The first time I baked macarons I ran out of pans and I used a pizza pan to bake my shells and the pizza pan actually ended up working just as well if not better than the baking sheet size the recipe called for
I make mint macarons for a party a friend was having and people loved them. These are definitely special occasion baking. You might need to try making them a couple of times, but seriously once you get the technique down, the sky really is the limit with flavors
Perhaps you could try pistachio flour. Tapioca flour or coconut flour might also be able to achieve a similar texture, but check the internet for modified cook times for whichever option you choose.
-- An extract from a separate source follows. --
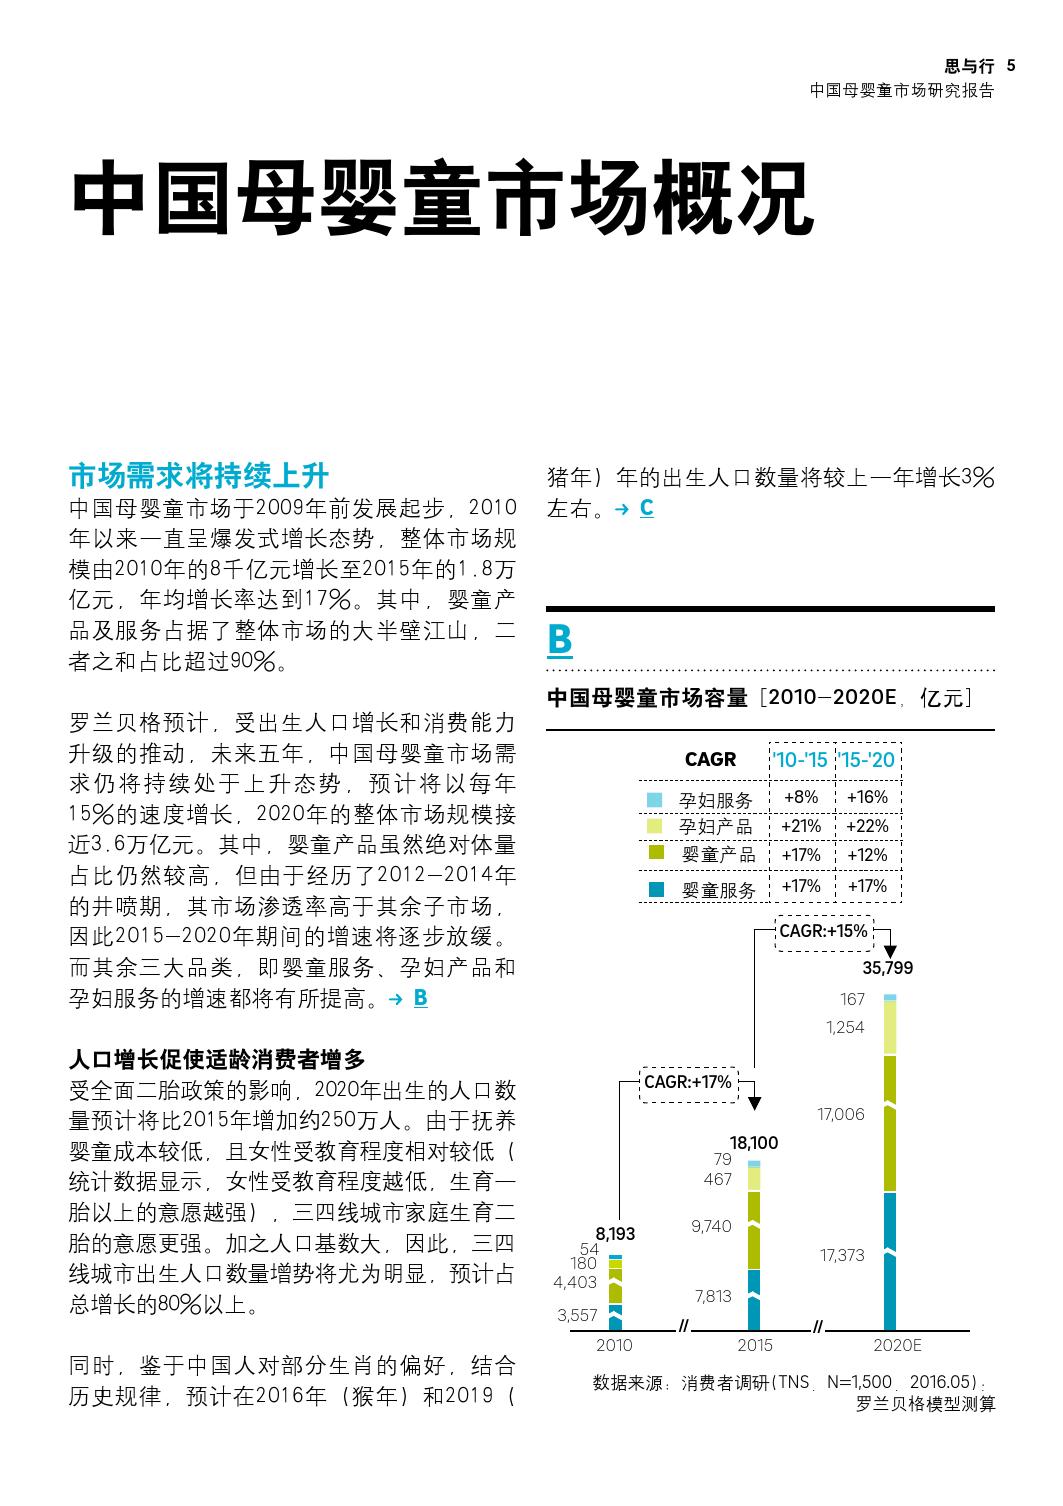 罗兰贝:2016中国母婴童市场研究报告_000005

❤OMG, this is a great recipe. One of my favorite things to do is to bake with my niece. It is our favorite time together and we can not wait to make this recipe. THANK YO CLAIRE❤👩🍳
I’ve made macarons with other recipes before and they came out great but I decided to try this recipe since I think Claire is great, however, I made 4 batches and each time the tops cracked or were uneven and the only time they didn’t all crack was when I left them to rest for 2.5+ hours… I think the batter is just too liquidy with these ratios, but I still think Claire has great recipes, I tried her Croissants recipe for the first time I made Croissants and they turned out amazing!
Another excellent tutorial! Thank you for all the tips and tricks. I am encouraged to try at home as my kids love macarons. Great choice of sample flavors, too. Thank you, Claire!!
Mmmm, they all look so beautiful and delicious!🤤😋 The one thing I would do differently to raspberry macarons is that I would use “ruby chocolate” for the ganache filling. I would try it with ruby chocolate because, it already has that berry flavour and by adding raspberry purée it would intensify the raspberry flavour, I think. Yum!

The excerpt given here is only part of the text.